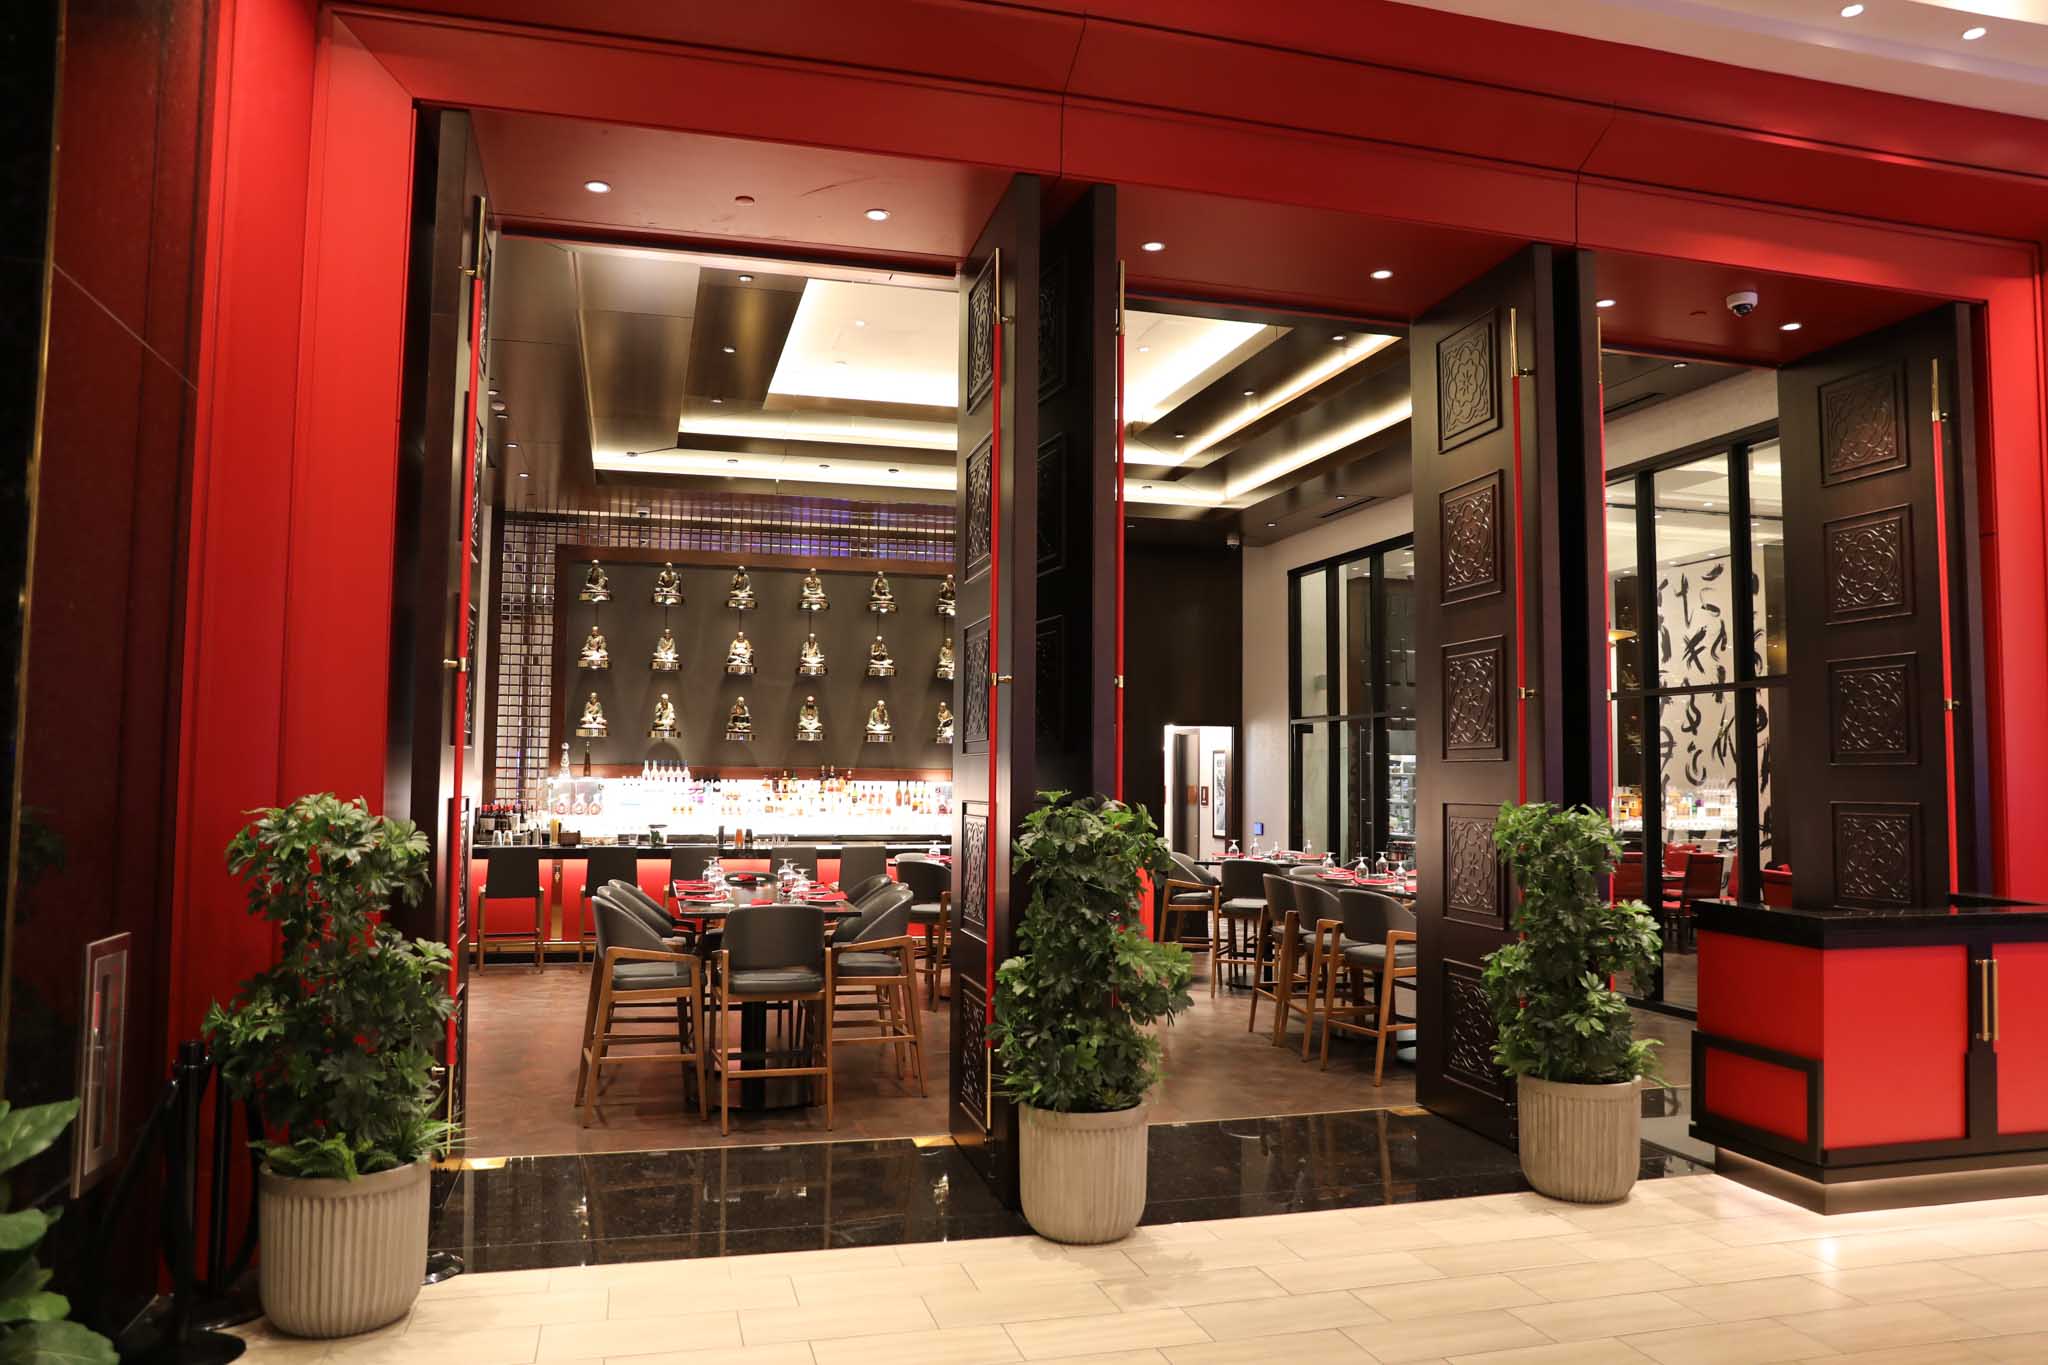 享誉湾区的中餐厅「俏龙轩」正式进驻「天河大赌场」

^^^^^^^^^^^^^^^^

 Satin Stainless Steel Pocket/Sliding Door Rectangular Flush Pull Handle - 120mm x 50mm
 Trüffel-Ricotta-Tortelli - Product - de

^^^^^^^^^^^^^^^^

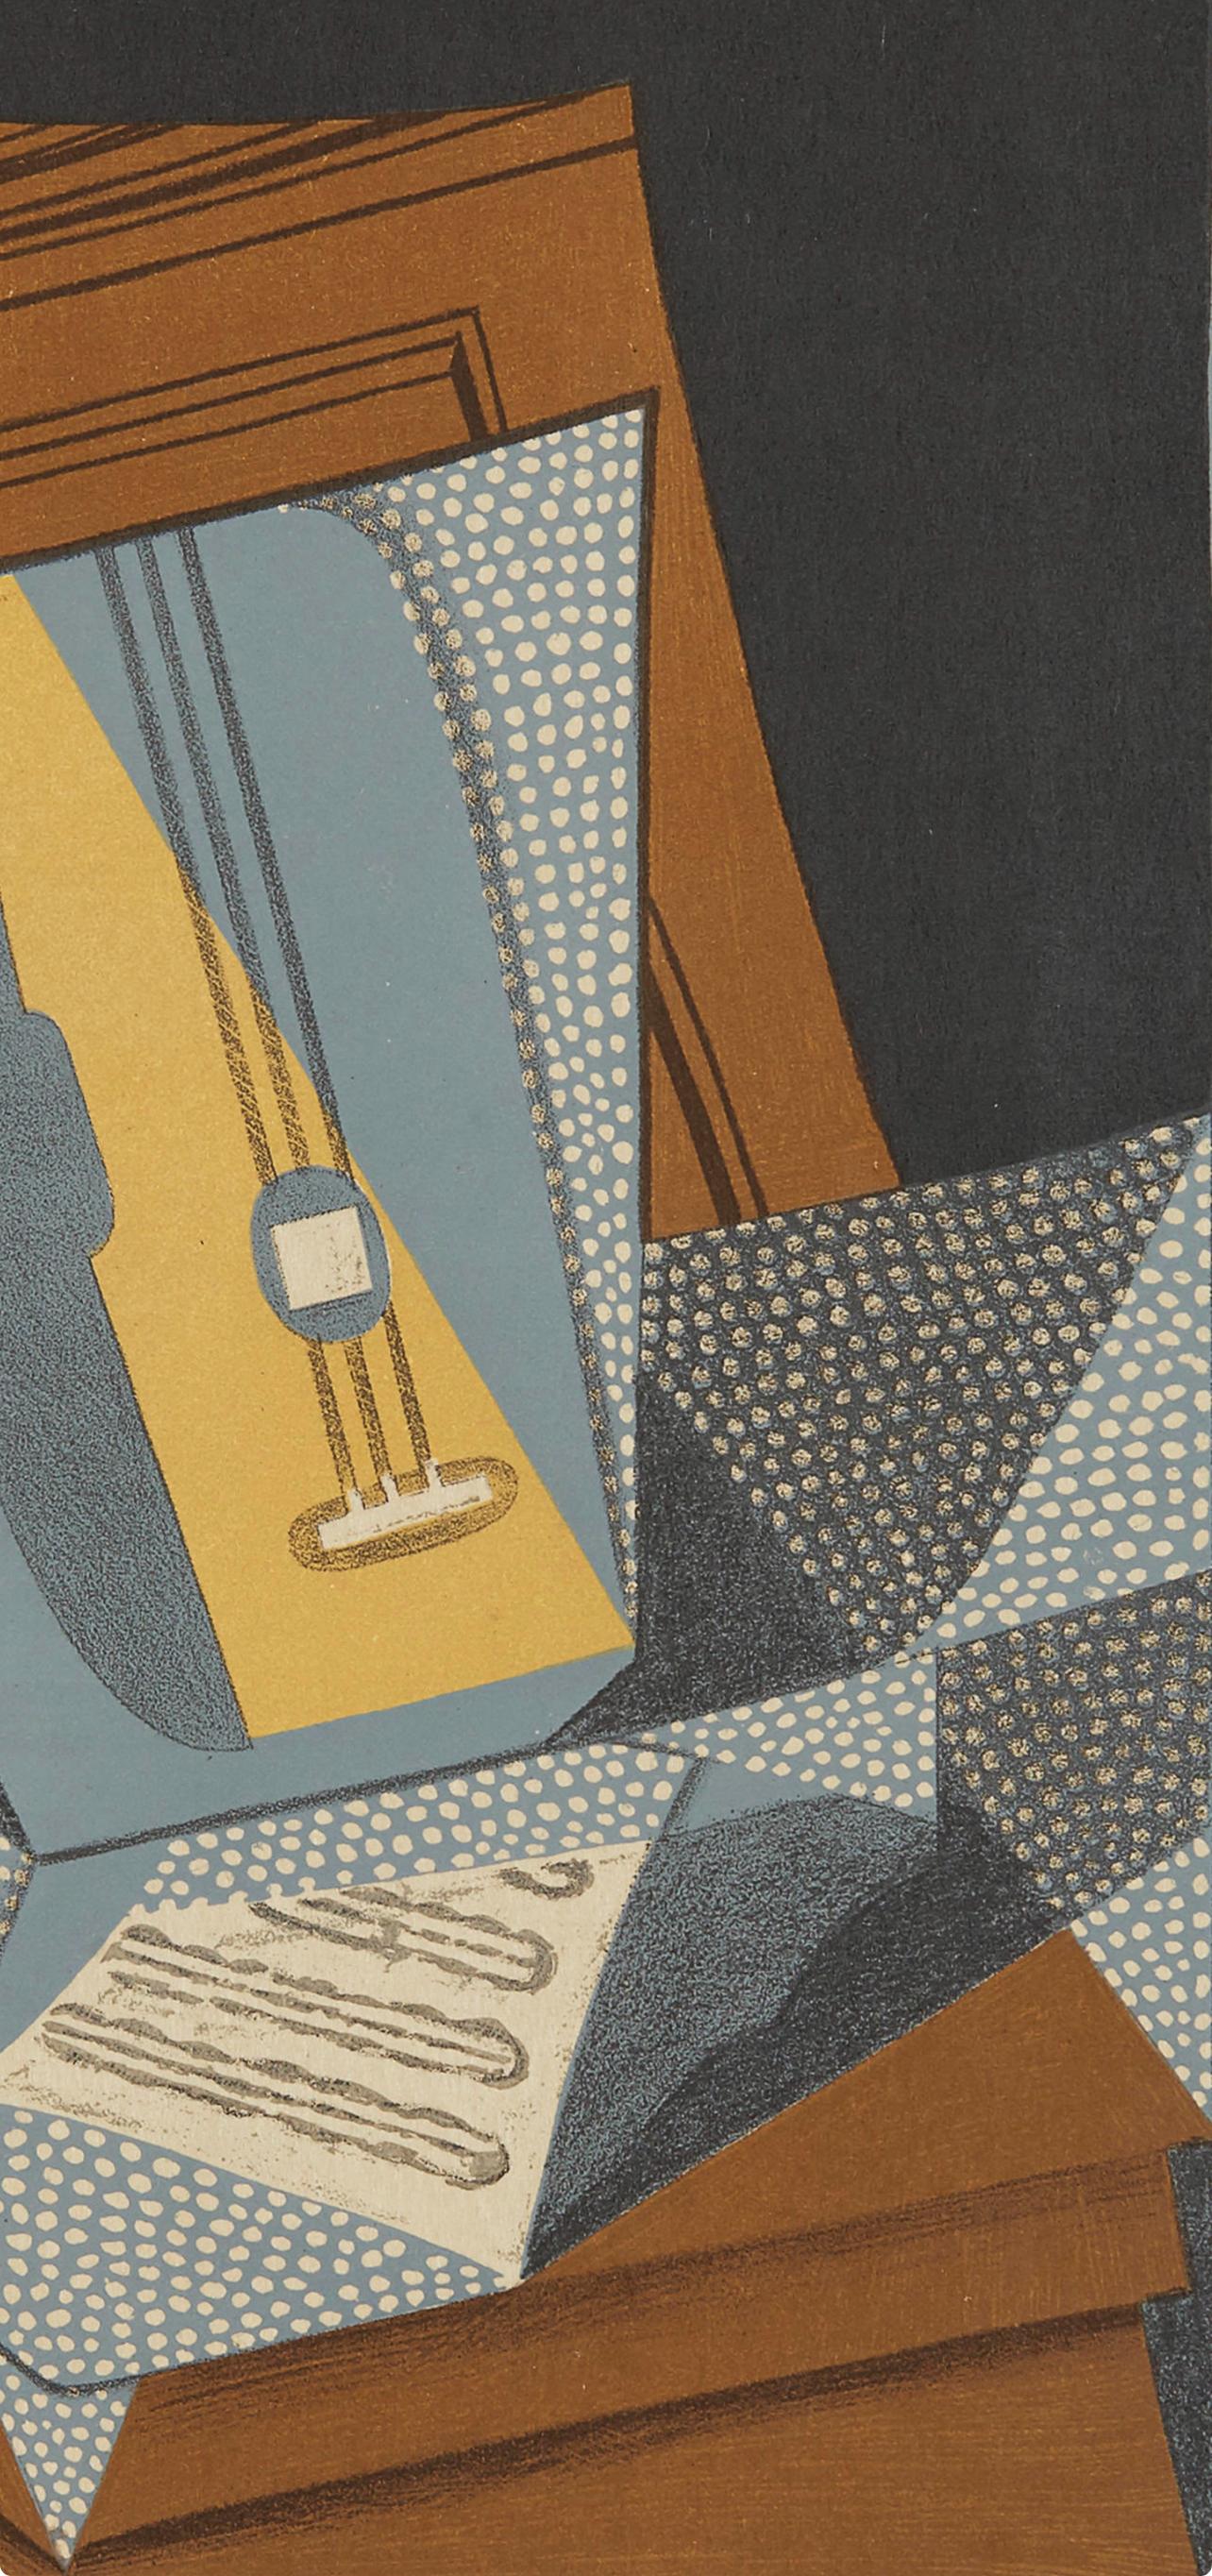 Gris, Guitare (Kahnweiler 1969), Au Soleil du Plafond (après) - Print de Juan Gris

^^^^^^^^^^^^^^^^

# Assignment:
From the data above, output exactly the lines between the one containing "Satin Stainless Steel" and the one containing "Trüffel-Ricotta-Tortelli - Product - de", counting both of them.

# Exercise solution:
 Satin Stainless Steel Pocket/Sliding Door Rectangular Flush Pull Handle - 120mm x 50mm
 Trüffel-Ricotta-Tortelli - Product - de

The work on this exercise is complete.